_The task_
Every line below from the one containing "Kit Iluminação Piscina" through the one containing "Soho Baby Crib Nursery Bedding 9 Piece" is to be printed exactly, with the pictures omitted.

_Given data_
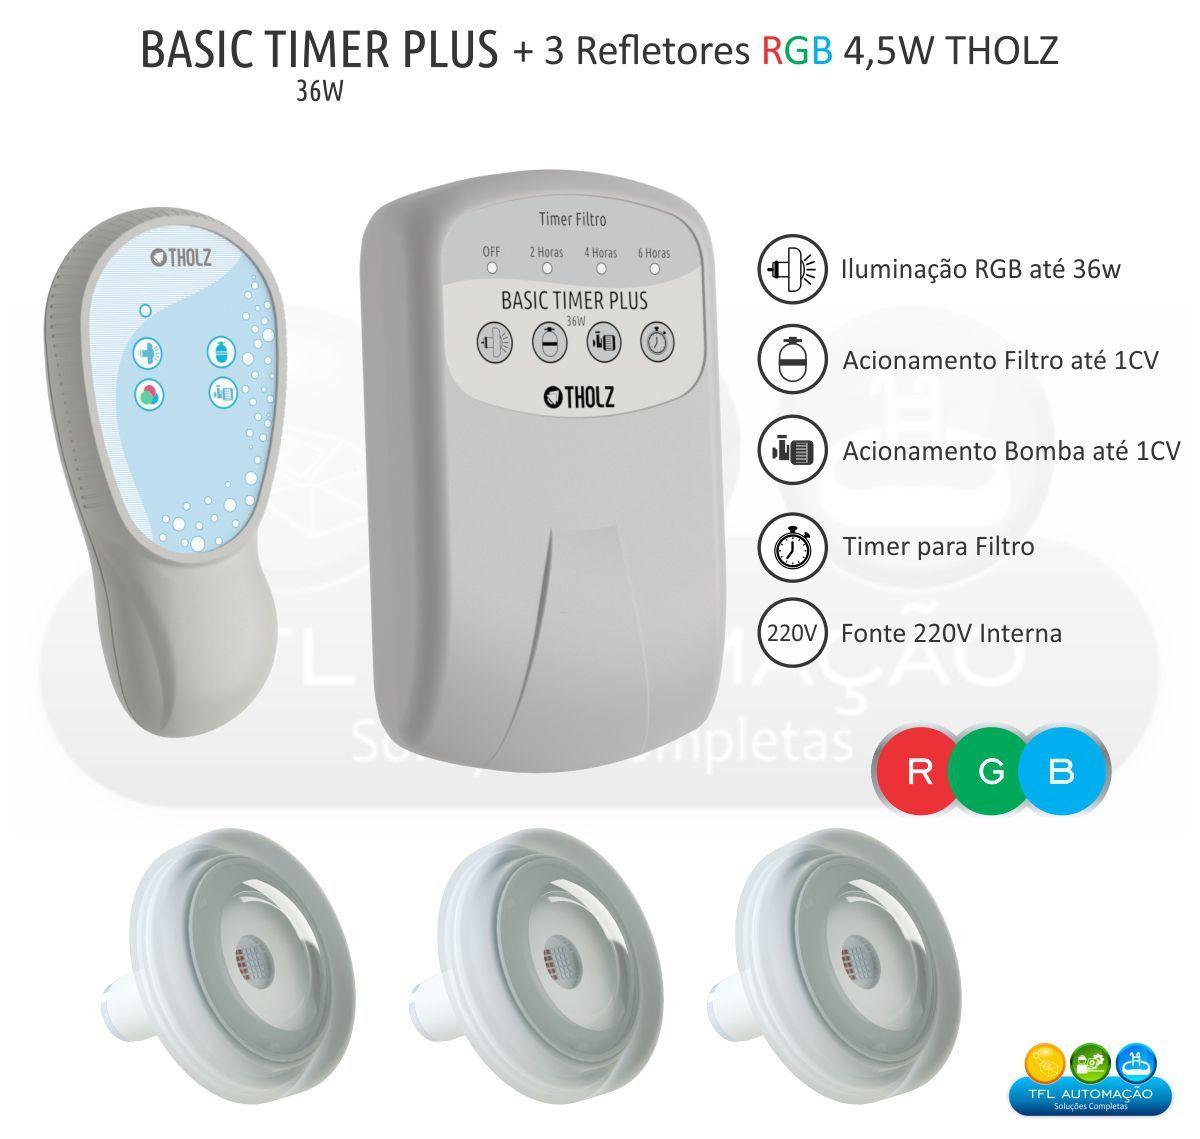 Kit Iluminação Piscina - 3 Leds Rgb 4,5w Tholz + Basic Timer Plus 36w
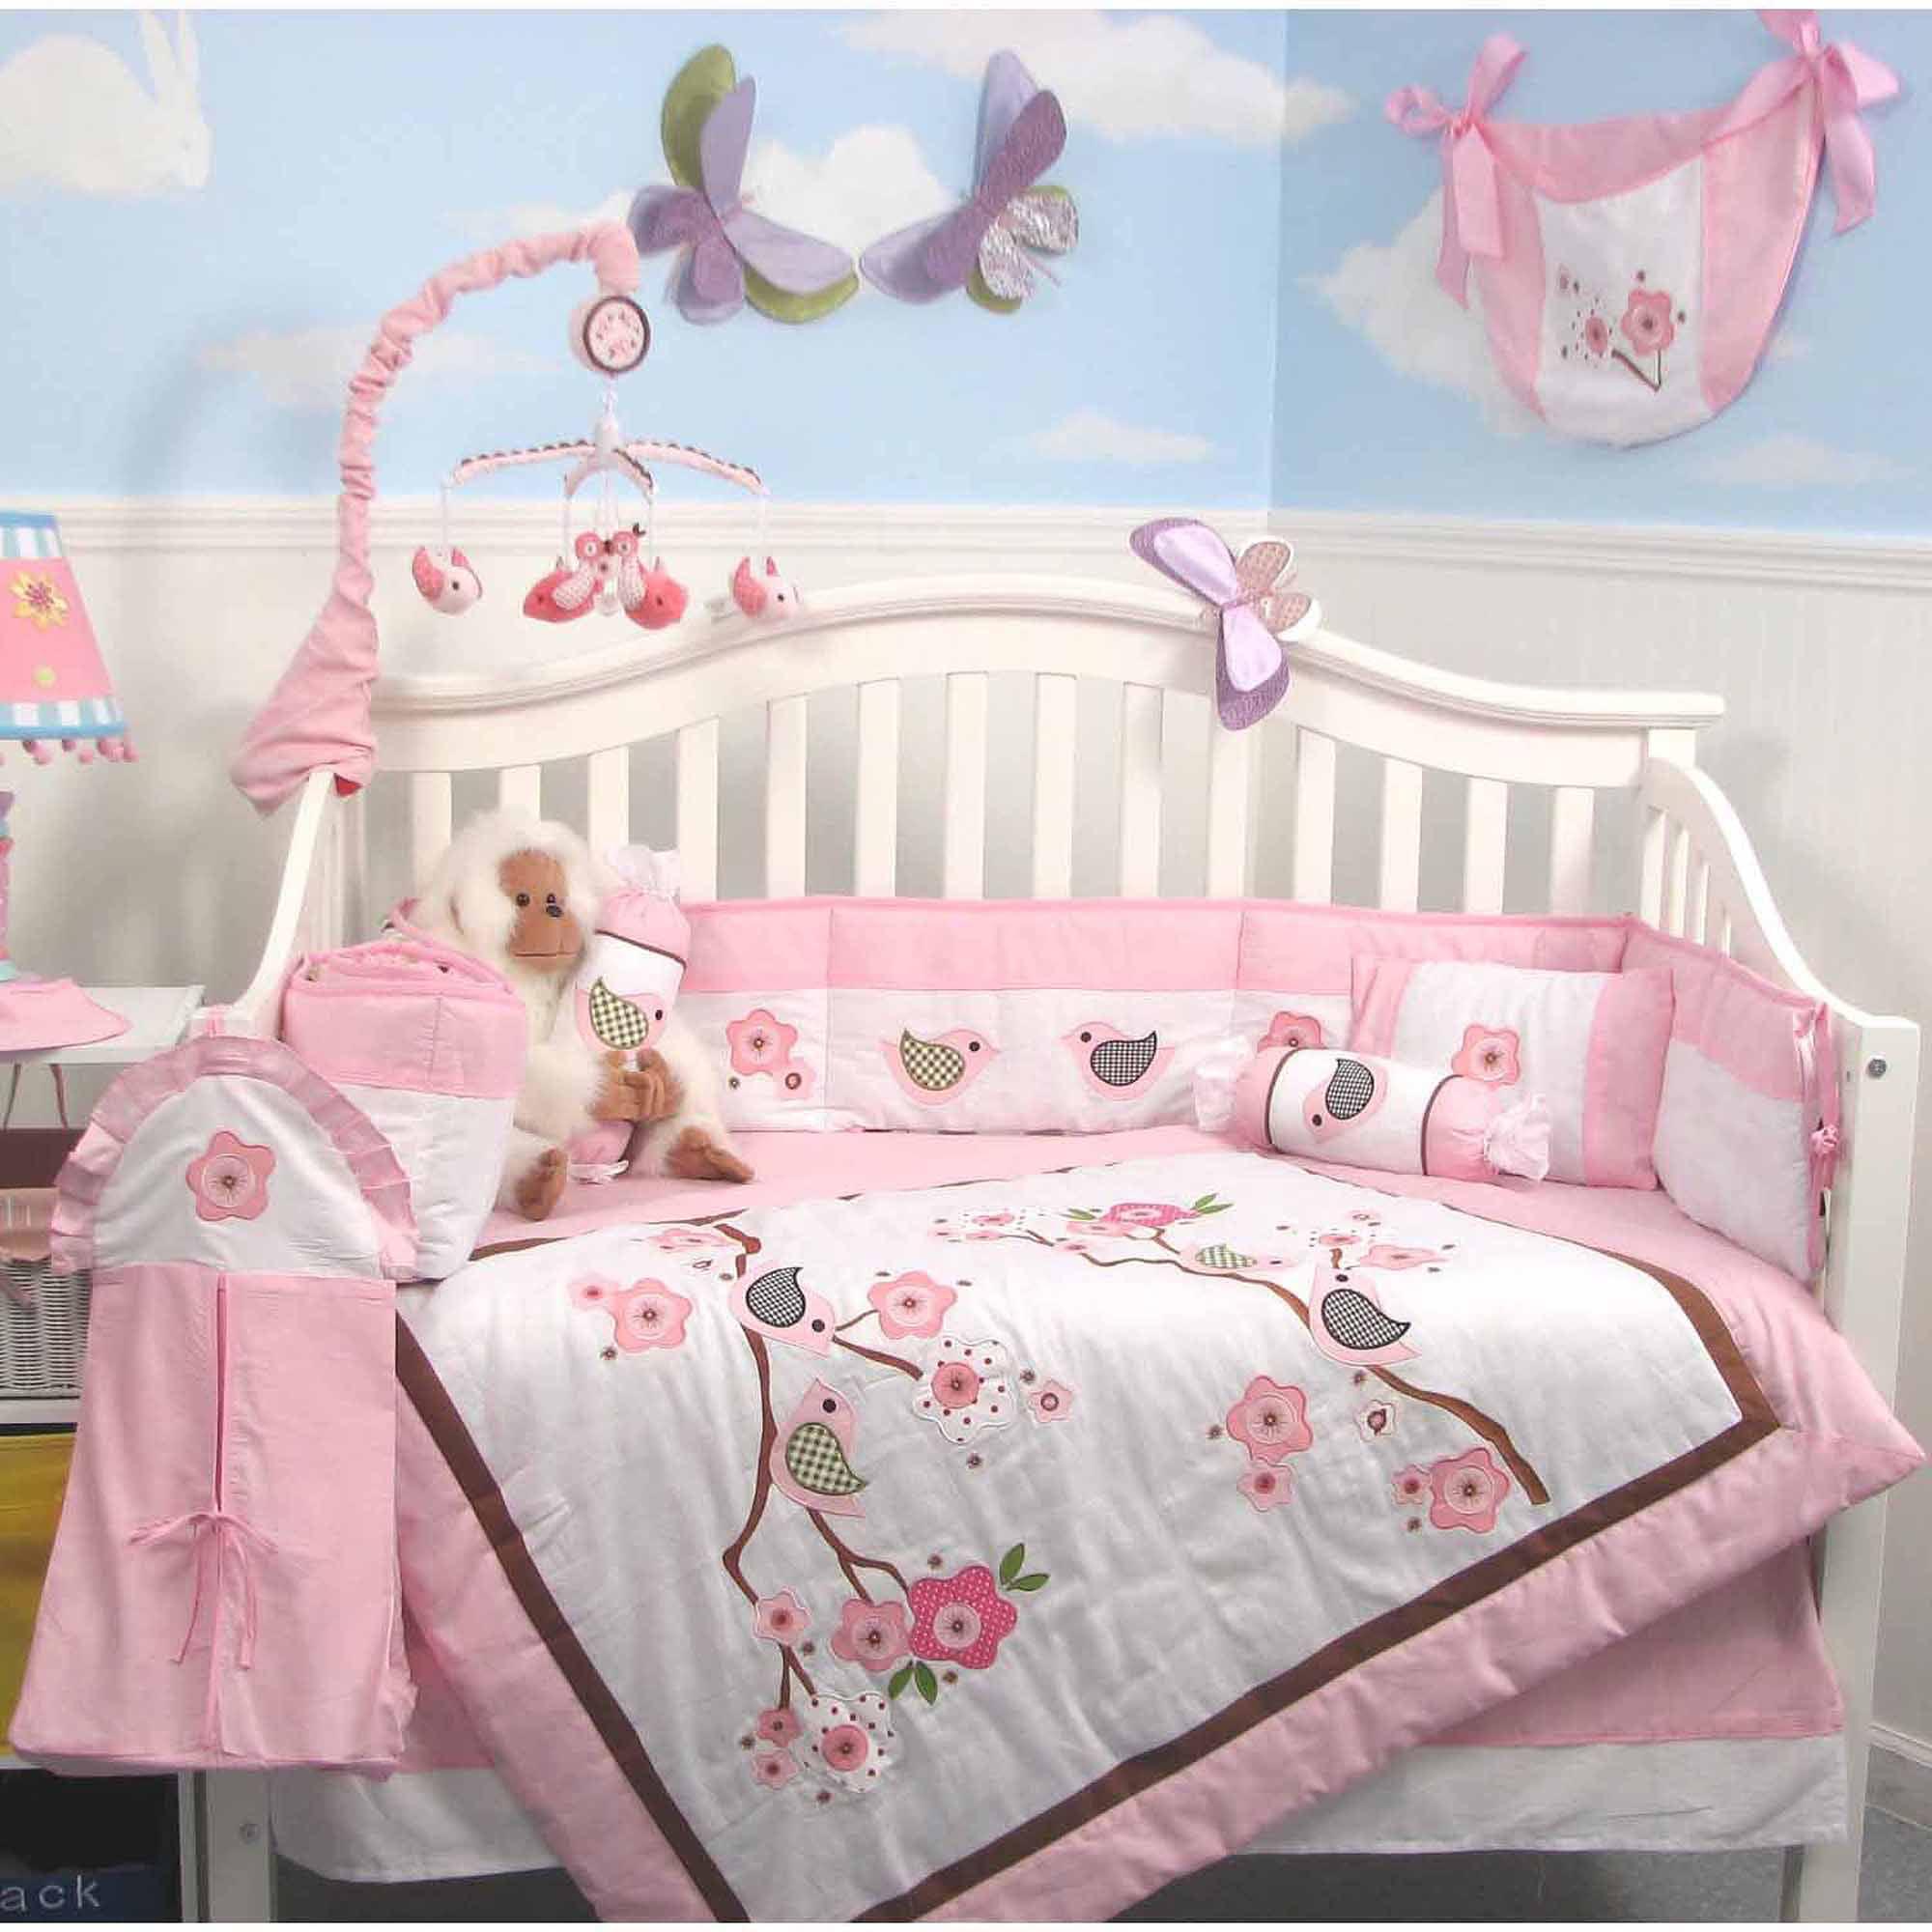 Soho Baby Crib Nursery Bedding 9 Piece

* * *

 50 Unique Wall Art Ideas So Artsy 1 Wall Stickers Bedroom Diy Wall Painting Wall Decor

...

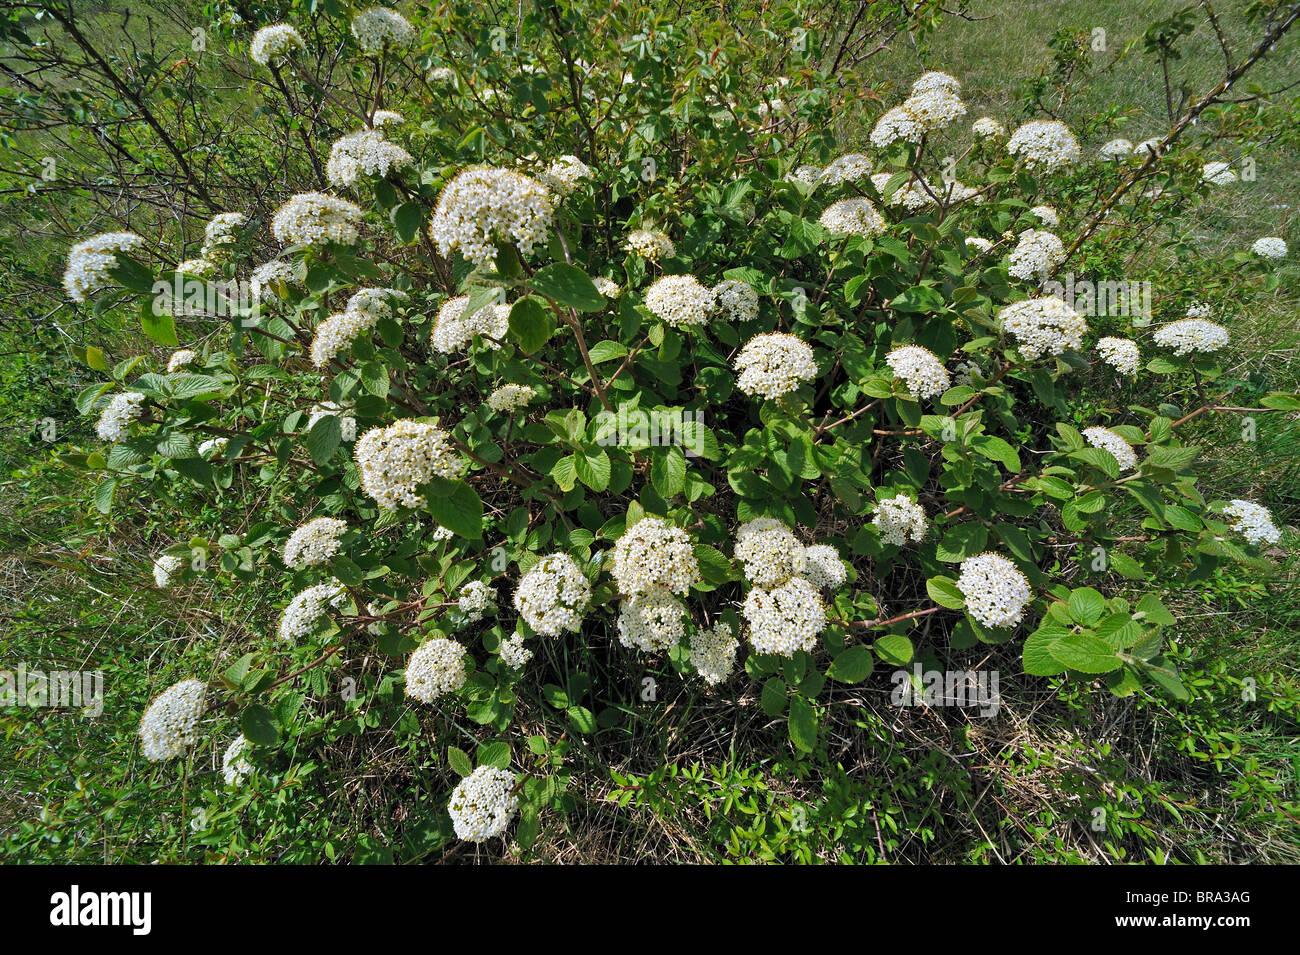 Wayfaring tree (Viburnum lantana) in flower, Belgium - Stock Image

_Exercise output_
 Kit Iluminação Piscina - 3 Leds Rgb 4,5w Tholz + Basic Timer Plus 36w
 Soho Baby Crib Nursery Bedding 9 Piece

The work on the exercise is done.